Extracted data entries

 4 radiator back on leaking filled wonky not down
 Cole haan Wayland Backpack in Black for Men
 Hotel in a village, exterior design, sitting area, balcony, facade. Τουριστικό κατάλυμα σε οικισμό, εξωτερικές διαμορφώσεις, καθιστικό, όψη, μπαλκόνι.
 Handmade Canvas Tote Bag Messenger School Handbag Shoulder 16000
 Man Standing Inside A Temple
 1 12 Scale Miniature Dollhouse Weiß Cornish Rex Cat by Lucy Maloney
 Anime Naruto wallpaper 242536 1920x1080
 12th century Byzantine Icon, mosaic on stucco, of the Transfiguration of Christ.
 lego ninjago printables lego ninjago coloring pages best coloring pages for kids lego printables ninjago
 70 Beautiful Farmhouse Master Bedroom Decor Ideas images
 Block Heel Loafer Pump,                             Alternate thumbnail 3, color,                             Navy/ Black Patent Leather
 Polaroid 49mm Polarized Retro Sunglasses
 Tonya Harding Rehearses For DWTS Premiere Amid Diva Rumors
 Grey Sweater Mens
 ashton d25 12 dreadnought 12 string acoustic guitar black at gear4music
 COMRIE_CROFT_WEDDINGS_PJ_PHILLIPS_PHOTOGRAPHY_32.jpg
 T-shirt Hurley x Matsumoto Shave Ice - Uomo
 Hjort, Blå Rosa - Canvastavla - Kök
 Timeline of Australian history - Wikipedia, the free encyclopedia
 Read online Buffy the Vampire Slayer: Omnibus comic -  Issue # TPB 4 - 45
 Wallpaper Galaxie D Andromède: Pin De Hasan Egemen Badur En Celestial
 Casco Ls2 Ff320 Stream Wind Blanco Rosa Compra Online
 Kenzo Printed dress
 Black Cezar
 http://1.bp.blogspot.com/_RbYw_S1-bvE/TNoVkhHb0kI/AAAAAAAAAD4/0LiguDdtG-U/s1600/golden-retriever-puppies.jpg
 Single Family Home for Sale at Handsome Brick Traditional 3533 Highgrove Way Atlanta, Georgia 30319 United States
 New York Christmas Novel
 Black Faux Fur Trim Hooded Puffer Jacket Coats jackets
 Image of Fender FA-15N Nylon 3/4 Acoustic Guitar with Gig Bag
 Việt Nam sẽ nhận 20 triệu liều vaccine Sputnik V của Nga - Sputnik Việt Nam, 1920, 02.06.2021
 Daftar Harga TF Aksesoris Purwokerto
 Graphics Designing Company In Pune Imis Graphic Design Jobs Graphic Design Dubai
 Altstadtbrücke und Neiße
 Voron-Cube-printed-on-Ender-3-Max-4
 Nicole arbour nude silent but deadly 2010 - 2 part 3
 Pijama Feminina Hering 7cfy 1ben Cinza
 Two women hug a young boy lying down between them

> [Problem details] Output the entries above in their entirety, exactly as written.

> [Expected output]
 4 radiator back on leaking filled wonky not down
 Cole haan Wayland Backpack in Black for Men
 Hotel in a village, exterior design, sitting area, balcony, facade. Τουριστικό κατάλυμα σε οικισμό, εξωτερικές διαμορφώσεις, καθιστικό, όψη, μπαλκόνι.
 Handmade Canvas Tote Bag Messenger School Handbag Shoulder 16000
 Man Standing Inside A Temple
 1 12 Scale Miniature Dollhouse Weiß Cornish Rex Cat by Lucy Maloney
 Anime Naruto wallpaper 242536 1920x1080
 12th century Byzantine Icon, mosaic on stucco, of the Transfiguration of Christ.
 lego ninjago printables lego ninjago coloring pages best coloring pages for kids lego printables ninjago
 70 Beautiful Farmhouse Master Bedroom Decor Ideas images
 Block Heel Loafer Pump,                             Alternate thumbnail 3, color,                             Navy/ Black Patent Leather
 Polaroid 49mm Polarized Retro Sunglasses
 Tonya Harding Rehearses For DWTS Premiere Amid Diva Rumors
 Grey Sweater Mens
 ashton d25 12 dreadnought 12 string acoustic guitar black at gear4music
 COMRIE_CROFT_WEDDINGS_PJ_PHILLIPS_PHOTOGRAPHY_32.jpg
 T-shirt Hurley x Matsumoto Shave Ice - Uomo
 Hjort, Blå Rosa - Canvastavla - Kök
 Timeline of Australian history - Wikipedia, the free encyclopedia
 Read online Buffy the Vampire Slayer: Omnibus comic -  Issue # TPB 4 - 45
 Wallpaper Galaxie D Andromède: Pin De Hasan Egemen Badur En Celestial
 Casco Ls2 Ff320 Stream Wind Blanco Rosa Compra Online
 Kenzo Printed dress
 Black Cezar
 http://1.bp.blogspot.com/_RbYw_S1-bvE/TNoVkhHb0kI/AAAAAAAAAD4/0LiguDdtG-U/s1600/golden-retriever-puppies.jpg
 Single Family Home for Sale at Handsome Brick Traditional 3533 Highgrove Way Atlanta, Georgia 30319 United States
 New York Christmas Novel
 Black Faux Fur Trim Hooded Puffer Jacket Coats jackets
 Image of Fender FA-15N Nylon 3/4 Acoustic Guitar with Gig Bag
 Việt Nam sẽ nhận 20 triệu liều vaccine Sputnik V của Nga - Sputnik Việt Nam, 1920, 02.06.2021
 Daftar Harga TF Aksesoris Purwokerto
 Graphics Designing Company In Pune Imis Graphic Design Jobs Graphic Design Dubai
 Altstadtbrücke und Neiße
 Voron-Cube-printed-on-Ender-3-Max-4
 Nicole arbour nude silent but deadly 2010 - 2 part 3
 Pijama Feminina Hering 7cfy 1ben Cinza
 Two women hug a young boy lying down between them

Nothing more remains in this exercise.